Mapping renormalized coupled cluster methods to quantum computers through a compact unitary representation of nonunitary operators

Abstract

Nonunitary theories are commonly seen in the classical simulations of quantum systems. Among these theories, the method of moments of coupled cluster equations (MMCCs) and the ensuing classes of the renormalized coupled cluster (CC) approaches have evolved into one of the most accurate approaches to describe correlation effects in various quantum systems. The MMCC formalism provides an effective way for correcting the energies of approximate CC formulations (parent theories) using moments, or CC equations, that are not used to determine approximate cluster amplitudes. In this paper, we propose a quantum algorithm for computing MMCC ground-state energies that provides two main advantages over classical computing or other quantum algorithms: (i) the possibility of forming superpositions of CC moments of arbitrary ranks in the entire Hilbert space and using an arbitrary form of the parent cluster operator for MMCC expansion, and (ii) significant reduction in the number of measurements in quantum simulation through a compact unitary representation for a generally nonunitary operator.

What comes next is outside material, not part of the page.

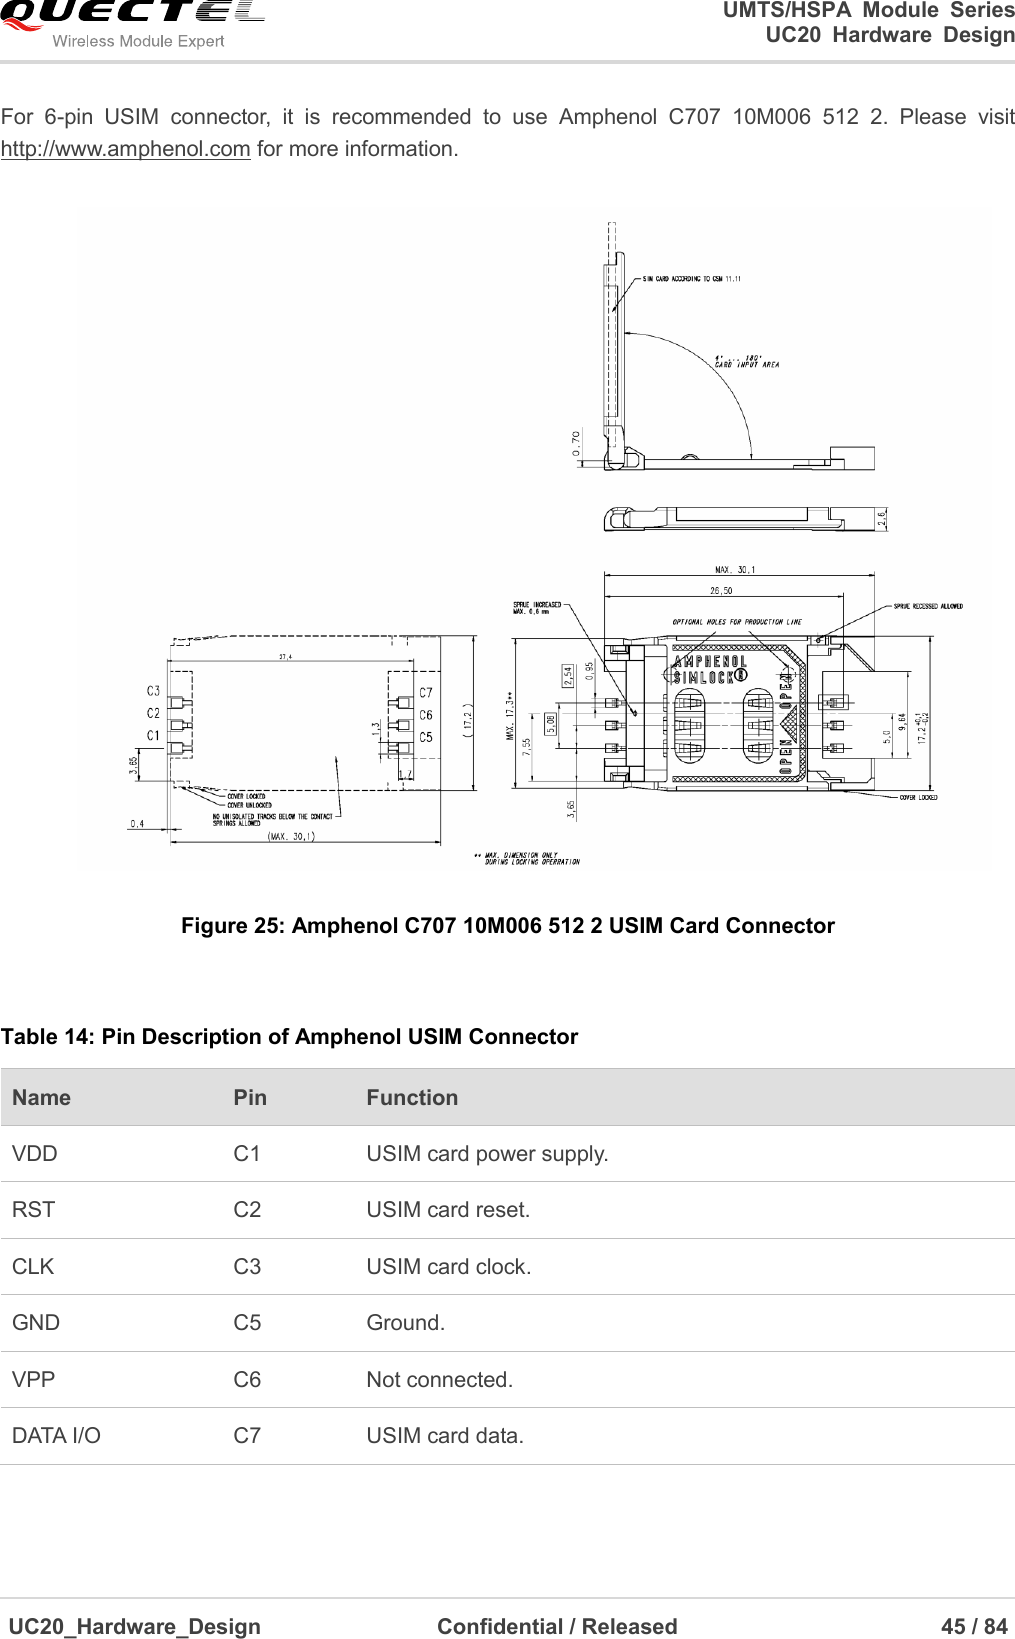                                                                                                                                               UMTS/HSPA  Module  Series                                                                 UC20  Hardware  Design  UC20_Hardware_Design                  Confidential / Released                            45 / 84     For  6-pin  USIM  connector,  it  is  recommended  to  use  Amphenol  C707  10M006  512  2.  Please  visit http://www.amphenol.com for more information.                 Figure 25: Amphenol C707 10M006 512 2 USIM Card Connector  Table 14: Pin Description of Amphenol USIM Connector Name Pin Function VDD C1 USIM card power supply. RST C2 USIM card reset. CLK C3 USIM card clock. GND C5 Ground. VPP C6 Not connected. DATA I/O C7 USIM card data.

We illustrate the robustness of our approach over a broad class of test cases, including $\ensuremath{\sim}40$ molecular systems with varying basis sets encoded using 4--40 qubits, and we exhibit the detailed MMCC analysis for the 8-qubit half-filled, four-site, single impurity Anderson model and the 12-qubit hydrogen fluoride molecular system from the corresponding noise-free and noisy MMCC quantum computations. We also outline the extension of the MMCC formalism to the case of a unitary CC wave-function Ansatz.